We have created "Cosmic Engine", a user-friendly web application to automate the querying of HEASARC data from the STScI NAVO Directory. Our UI is designed as an interactive dome that enables the user to search for objects from all the HEASARC catalogues in NAVO within a specific angular radius centered at a set of inputted RA and Declination coordinates in the sky (or an inputted name for a celestial object).The user can select one catalogue from a number of available results and view the entire resulting set of objects under the search radius. Each of these objects will have specific data available for them, and the user has the option to display or download this data.

How We Addressed This Challenge

We, The Ontic 42, have created "Cosmic Engine", an interactive, user-friendly web application that endeavors to automate the querying of HEASARC data from the STScI NAVO Directory.

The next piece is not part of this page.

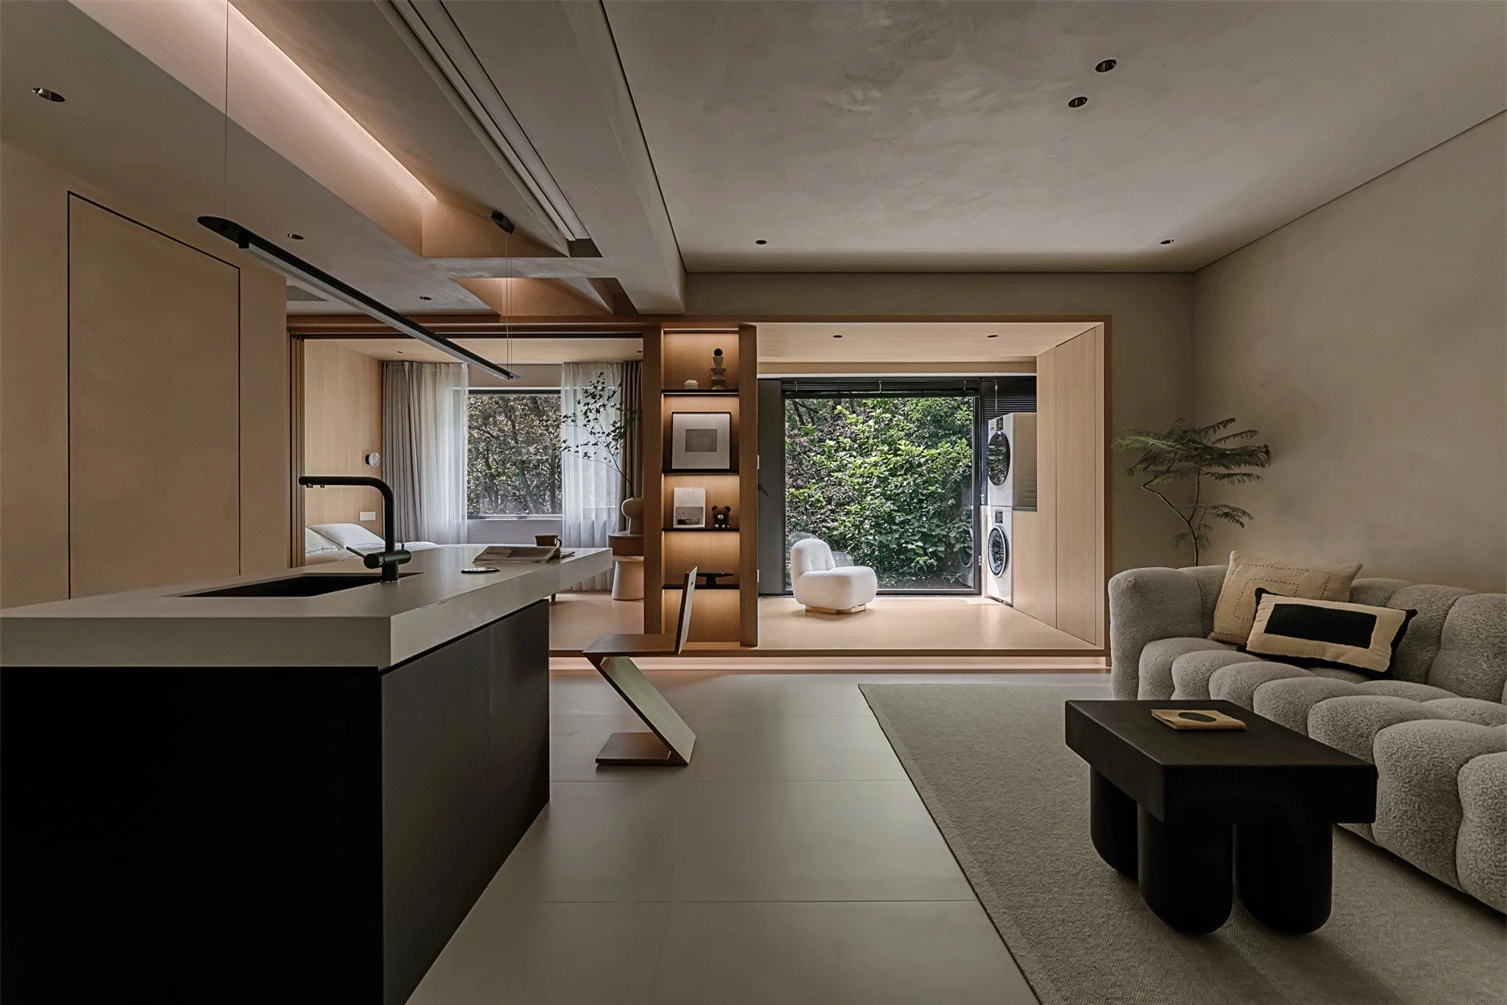 Tiểu thư Thượng Hải đầu tư 12 tỷ để sở hữu căn nhà đẹp nghệ như studio: Tan làm chỉ muốn về nhà- Ảnh 1.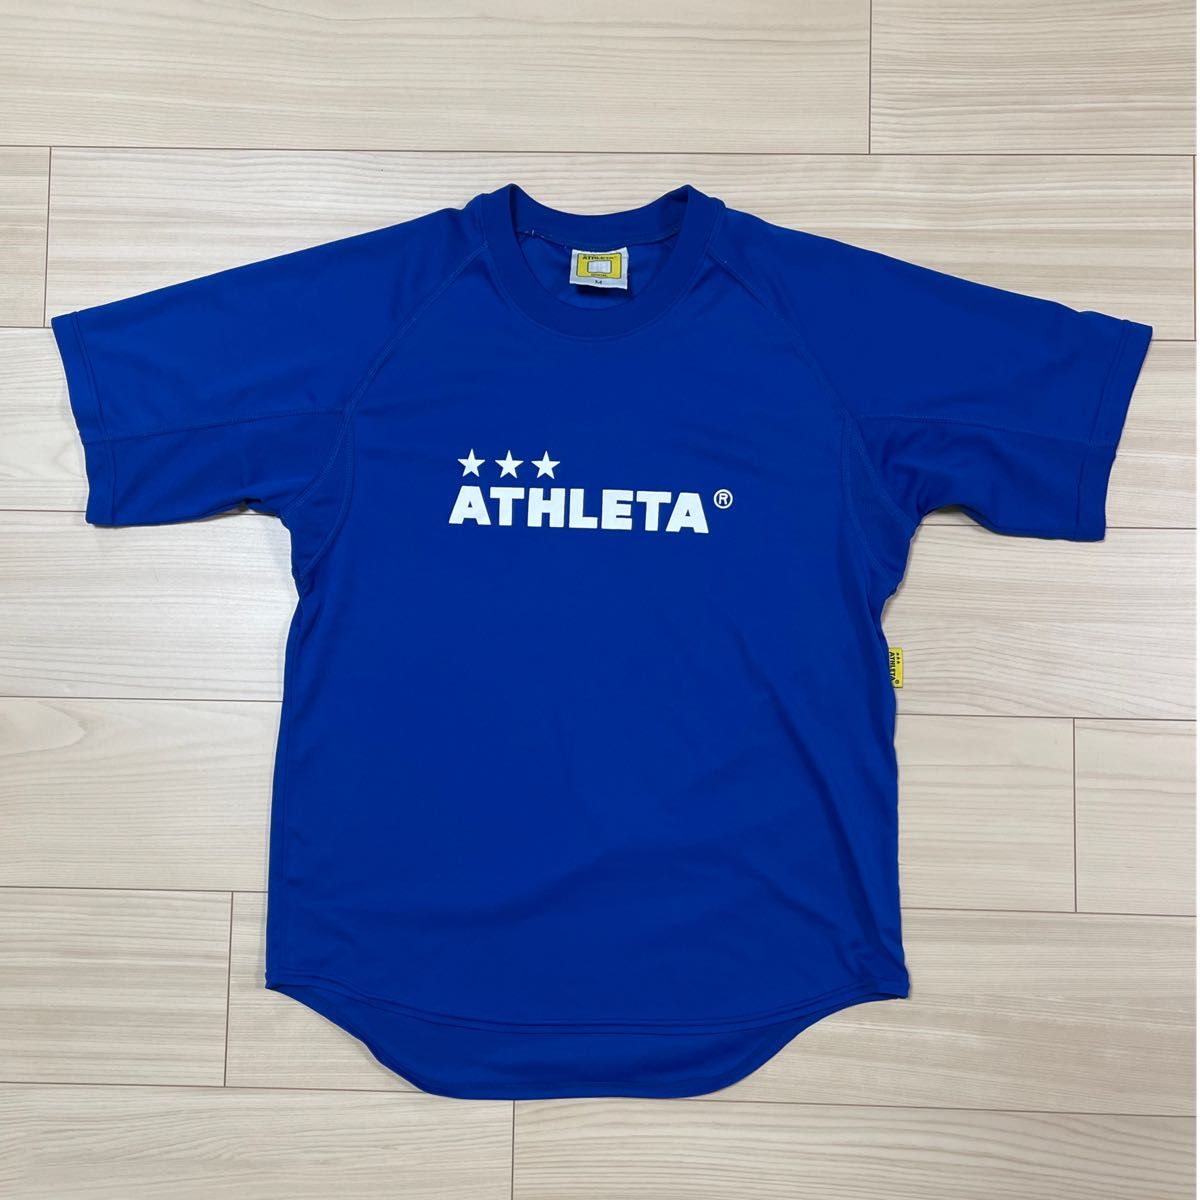 アスレタ 半袖Tシャツ プラクティスシャサイズ:S MATHLETA サッカー フットサル

Accessing or querying data for a specific service, be it SSA (Simple Spectral Access), SIAP (Simple Image Access Protocol) or Simple Cone Search, is either a long, repetitive & arduous procedure that involves understanding the highly specific formatting of URLs and XML files, or it requires proficiency with computational tools like Python packages (PyVO) that have high friction owing to their inherently user-unfriendly nature. Interfaces such as Xamin exist, but acquiring a firm grasp over these tools is limited only to professionals or those who have had to learn and repeat these procedures out of necessity. Access to the data, thus, is limited to such a minority.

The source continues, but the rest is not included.